Tan solo poner el pie en Haifa noté frescura. Veníamos de días de extrema sequedad y calor, que ayudaron a propagar en un santiamén los incendios que arrasaron diversas áreas del país. Bajé del tren en la parada de Bat Galim, nombre del vecindario construido a escasos metros de la playa. Aquí el agua se ve limpia y bastante transparente, y el tayelet (paseo marítimo) me recordó al de mi querido El Masnou. Vista desde el litoral, Haifa impone: las verdes colinas se elevan prácticamente frente al mar. Recuerda a las postales de San Francisco o incluso Río de Janeiro, construidas entre montículos y empinadas avenidas. Saba (abuelo) Smhuel y safta (abuela) Adela descansan en paz aquí. Mi madre y mis hermanos nacimos en el barrio del Karmel. Mi sentimiento de pertenencia a Haifa es enorme e imborrable.

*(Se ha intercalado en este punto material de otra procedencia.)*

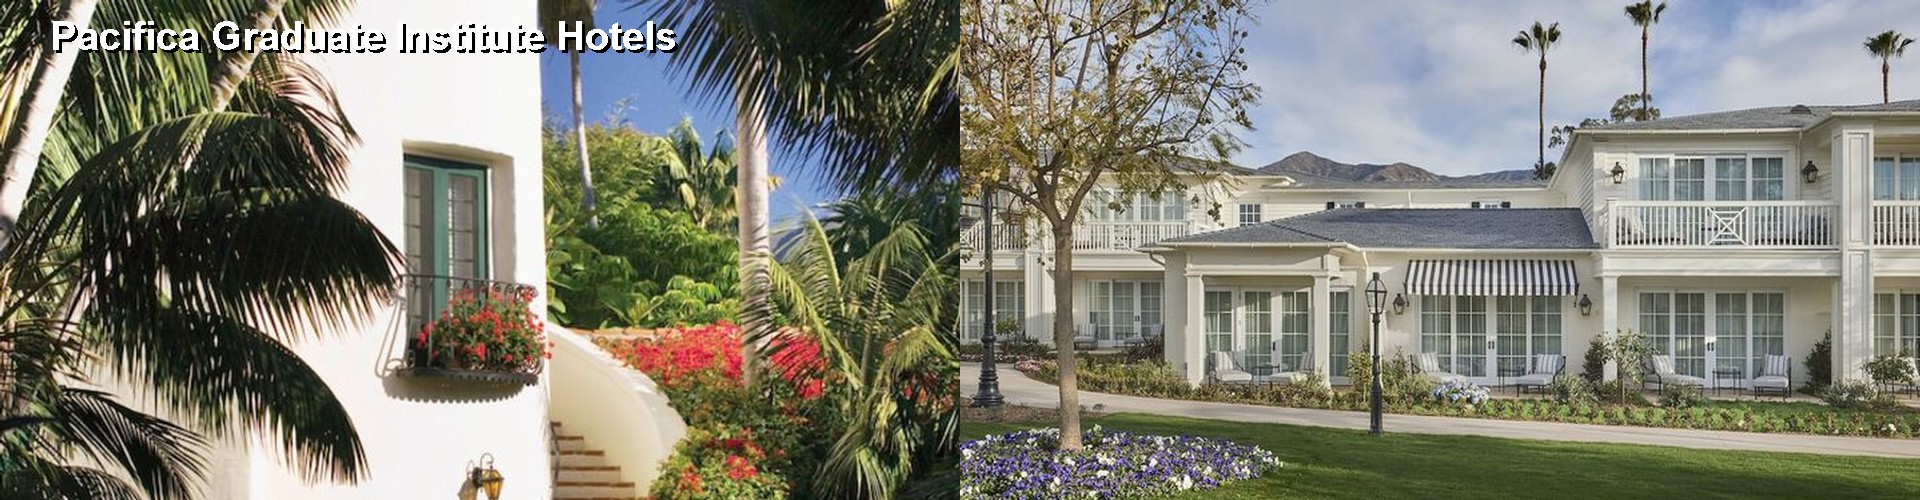 5 Best Hotels near Pacifica Graduate Institute

Vine de jueves a shabbat para unirme a un tour con otros periodistas para cubrir los daños causados por las llamas; estar con la calma con mi amigo Jonathan (“Yona”); y vibrar con el jolgorio del Hag Hahagim -la “fiesta de las fiestas”-, donde se unen alegremente la Navidad, el Hannukah y el Ramadán. Ésta última fiesta musulmana pasó hace meses, pero lo importante es festejar unidos:

–    “Por suerte, Jesús, Moisés y Mohamad jamás pasaron por aquí”, ironizaba Yonah                      Yahav -dicharachero alcalde de Haifa-, tratando de explicar el porqué de la                                fraternal convivencia entre tribus, un hecho insólito en Israel.